Digg’s top users, February 2006; note the 99% homepage ratio of Kevin Rose.
Later, I discovered that nearly 30 percent of front-page stories on Digg were contributed by just ten people. This wasn’t too surprising, since many networks—internet or otherwise—have a similar “power law” dynamic. In my post about it, in early August 2006, I concluded that having an A-list of users was “no different to the blogging world [or] the Web in general.”
The power-law dynamic didn’t just apply to users—it also applied to content creators, in that a disproportionate amount of Digg front pages went to a select group of blogs. I knew of at least one tech blog that was able to charge high advertising rates thanks to the traffic Digg sent them. I was also aware that TechCrunch got dugg a lot more than RWW.
An article I wrote in early October looking into how Digg was being gamed in the blogosphere.
The power-law dynamic at Digg was much discussed in the blogosphere over 2006. Most of the controversy was based on the theory that the top users and the top sites must be gaming the system (and indeed, there was evidence to support this).
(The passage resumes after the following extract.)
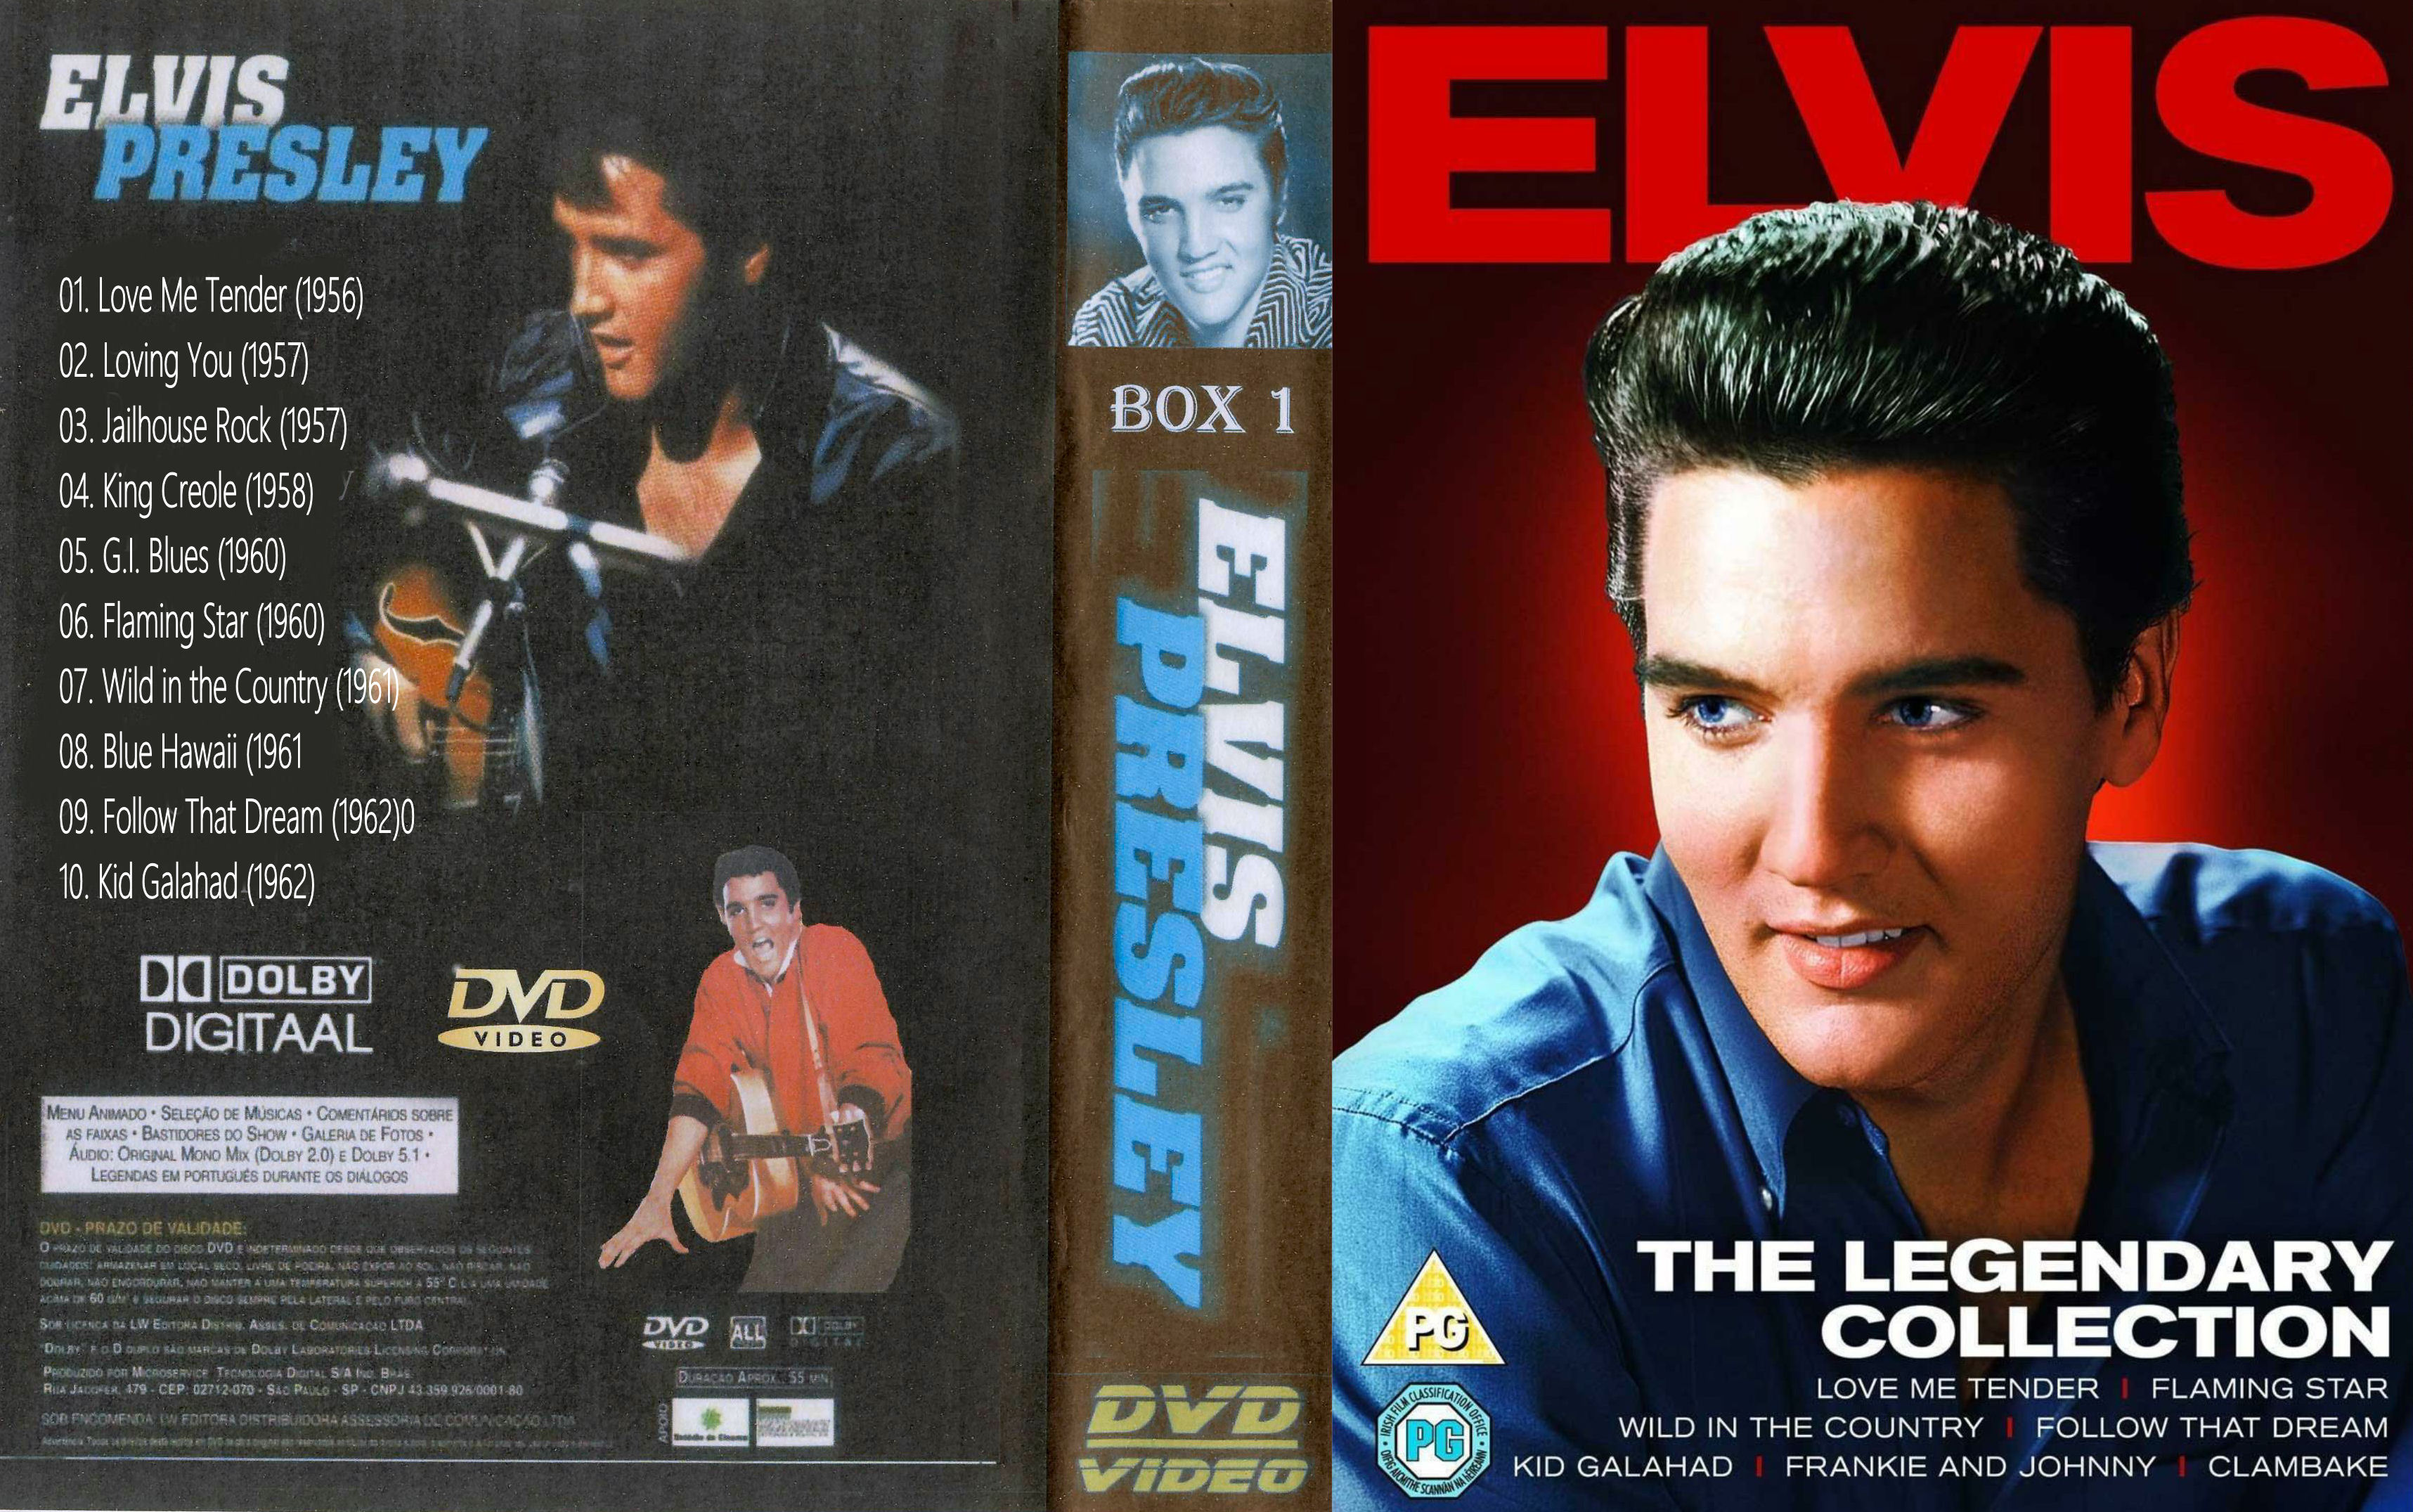 Elvis Presley Collectie ( 04 - King Creole ) DvD 4 van 31

For a site that promoted “non-hierarchical editorial control” by its users, this was a problem.
In September, Rose announced an “algorithm update” aimed at improving “digging diversity.” He added, “Users that follow a gaming pattern will have less promotion weight.” I reported soon after on RWW that Rose’s post “caused an uproar amongst Digg’s top users, who feel they have been accused of gaming.”
Duggtrends was one of a number of blogs that tracked Digg user controversies over 2006; this screenshot is from August 2006.
I met Kevin Rose in person for the first time in February 2010, when he had been brought over to New Zealand to present at a local conference called Webstock. I took the opportunity to buy him and his friend Daniel Burka a lamb dinner at Pravda, a popular Wellington bistro.
Kevin had lost none of his boy band looks since 2006, although his face was thinner and his hair slightly shorter at the front. He stylishly wore a red and blue checked shirt over black jeans, and his manner was friendly—but also standoffish, in that self-assured way that popular kids usually have. He knew people wanted to get close to him, so his natural instinct was to keep them at bay.
I made a few wisecracks about all the traffic Digg had sent our way over the years, but he didn’t engage, and he also gave nothing away about the internal issues the company was facing at this time. My girlfriend sensibly steered the conversation back to vacation recommendations. Disappointed that I couldn’t talk shop, I offered up some tourist advice instead: “You must try the Cloudy Bay oysters.”
I followed up by email with Kevin later that week, wishing him well for the rest of his trip and that “we’ll catch up perhaps at SXSW” the following month. He wrote back, “We tried the oysters the next day—soooo awesome, thanks for the tip! See you at SXSW, and thanks again for dinner!” Like any shy kid spoken to by the most popular boy in class, I was glad to be the recipient of his enthusiasm. But we never did meet at South by Southwest. In fact, we never had any communication again.
Needless to say, Digg’s relationship with its top users continued to fluctuate wildly. Eventually, after a disastrous 4.0 upgrade in August 2010, its power users migrated once and for all to Reddit.